Where the company does not have a branch or office overseas, but foresees transferring staff to that location, the company should start the incorporation process as early as possible so as to avoid possible delays to the project. Alternatively, the receiving client company may be prepared to sponsor the staff member during the project but HR managers should be aware of the possible payroll and compliance issues that will need to be raised. DavidsonMorris can advise on how to overcome this.
Where the company is seeking to deploy a Tier 2 sponsored employee to a different office or site within the UK but in the same role, HR managers may need to update the Home Office via the Sponsor Management System (SMS) within 10 working days.
Changes to the Business
It is not uncommon for companies within the oil and gas sector to merge or experience changes to its’ structure. Where there is a significant change to the business, such as a merger or takeover and the company employs overseas, non-EU staff under Tier 2, HR managers will need to report the change to the Home Office. According to the Home Office’s Tier 2 and 5 Points Based System Guidance for Sponsorship of April 2015, such changes must be reported to the Home Office within 20 working days of the change.

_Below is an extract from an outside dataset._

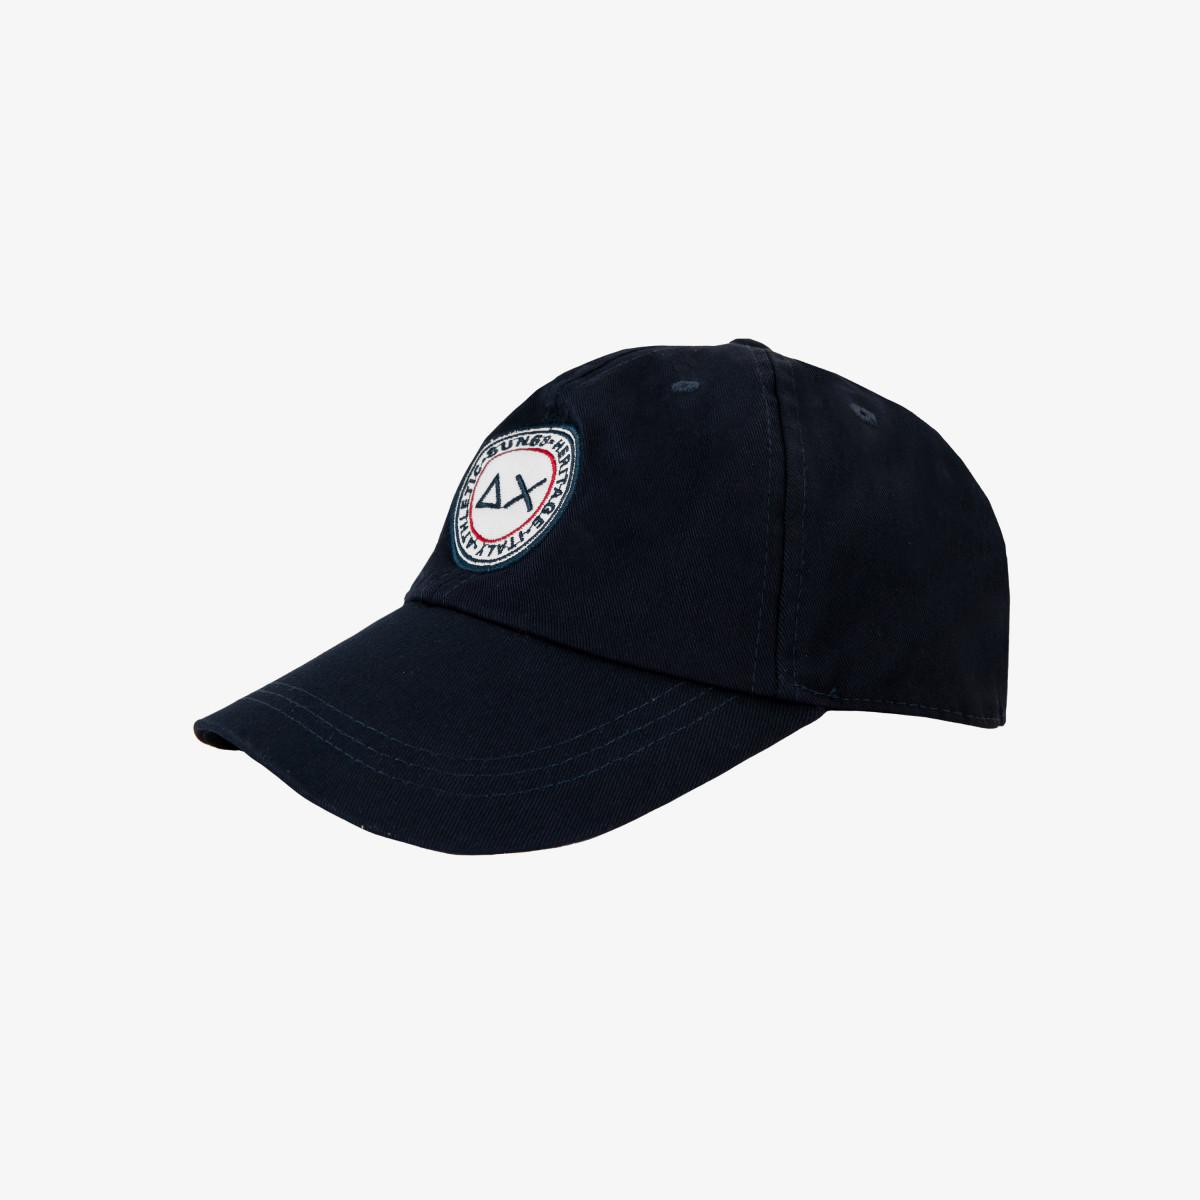 HERITAGE CAP NAVY BLUE

If the company, in such circumstances, accepts overseas staff whose employment is being transferred under the Transfer of Undertakings (Protection of Employment) Regulations 2006 (TUPE), HR managers will need to inform the business of its sponsorship obligations. Where a business does not have a UK sponsor licence to sponsor overseas staff, they will need to make a sponsor licence application to secure one, something which DavidsonMorris can assist with.
We have found that the earlier clients discuss the merger or takeover with us, the easier it is for us to resolve the possible impact the companies’ immigration compliance obligations as the immigration requirements are often less than straightforward.

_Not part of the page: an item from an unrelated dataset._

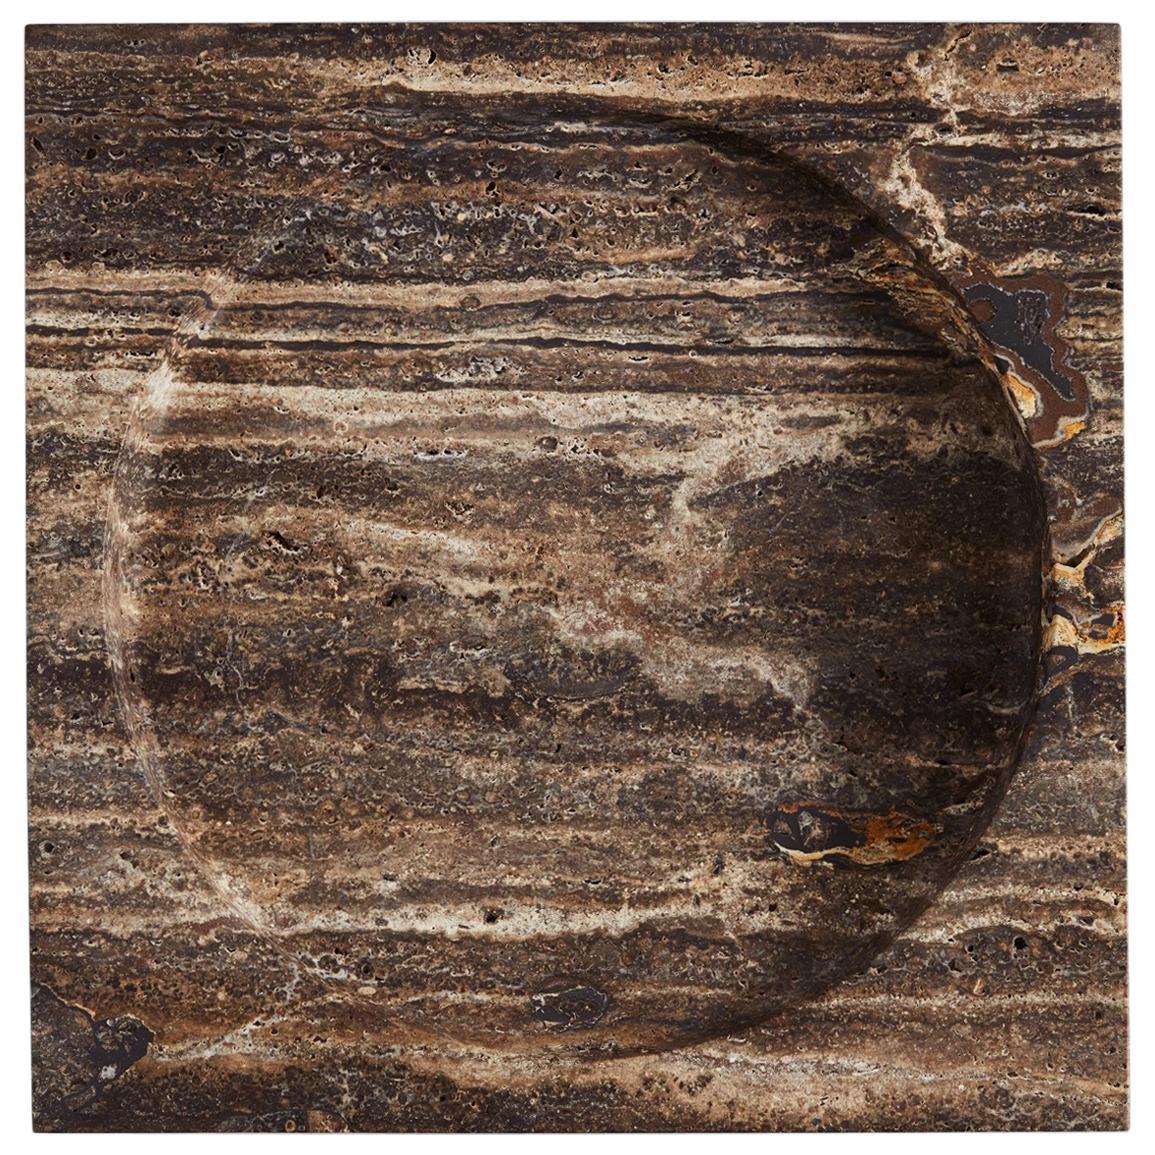 Black Travertine Stone Vide Poche by Henry Wilson

Change of Conditions and Redundancies
As part of the restructuring, companies may seek to offer employees amended terms and conditions or even a new role, allowing the business to retain key staff at reduced cost to the business. Nevertheless, HR managers will need to be aware of any possible compliance issues that this may have on Tier 2 sponsored employees.
Tier 2 staff that are offered a new role within the business which falls within the same (SOC) code as quoted in the Certificate of Sponsorship do not need to make a new visa application to the Home Office, subject the salary requirements being met. A new application may need to be made where the Tier 2 staff’s role fell under the Shortage Occupation List and they are moving outside of the SOC code to a role that no longer falls within that list.
Further, a change of salary from the level detailed in the Certificate of Sponsorship, other than incremental annual increases or bonuses will need to be reported to the Home Office. Again, HR managers must ensure that the salary meets the minimum Home Office salary requirements.
In matters concerning redundancies or termination of a Tier 2 sponsored employee’s employment contract, HR manager must update SMS within 10 working days of the change where the employee’s departure is earlier than the end date stated on the Certificate of Sponsorship. HR managers will also need to provide details of the Tier 2 employee’s new sponsor if they have one.
Different overseas locations will have similar reporting and compliance issues – speak to DavidsonMorris to find out more.
Lower oil prices and reduced production is having a significant impact on the UK and global oil and gas and subsea sector. This is leading to companies, including our clients, to assess and make far reaching strategic decisions that impact upon its employees. Transferring UK staff overseas and foreign staff to other locations can help companies to fill skills gaps in key projects and retain staff.
Immigration visa options will need to be assessed. However, within the UK and elsewhere, compliance with immigration laws will be crucial where there is a change to the company’s structure or non EU employee’s terms and conditions.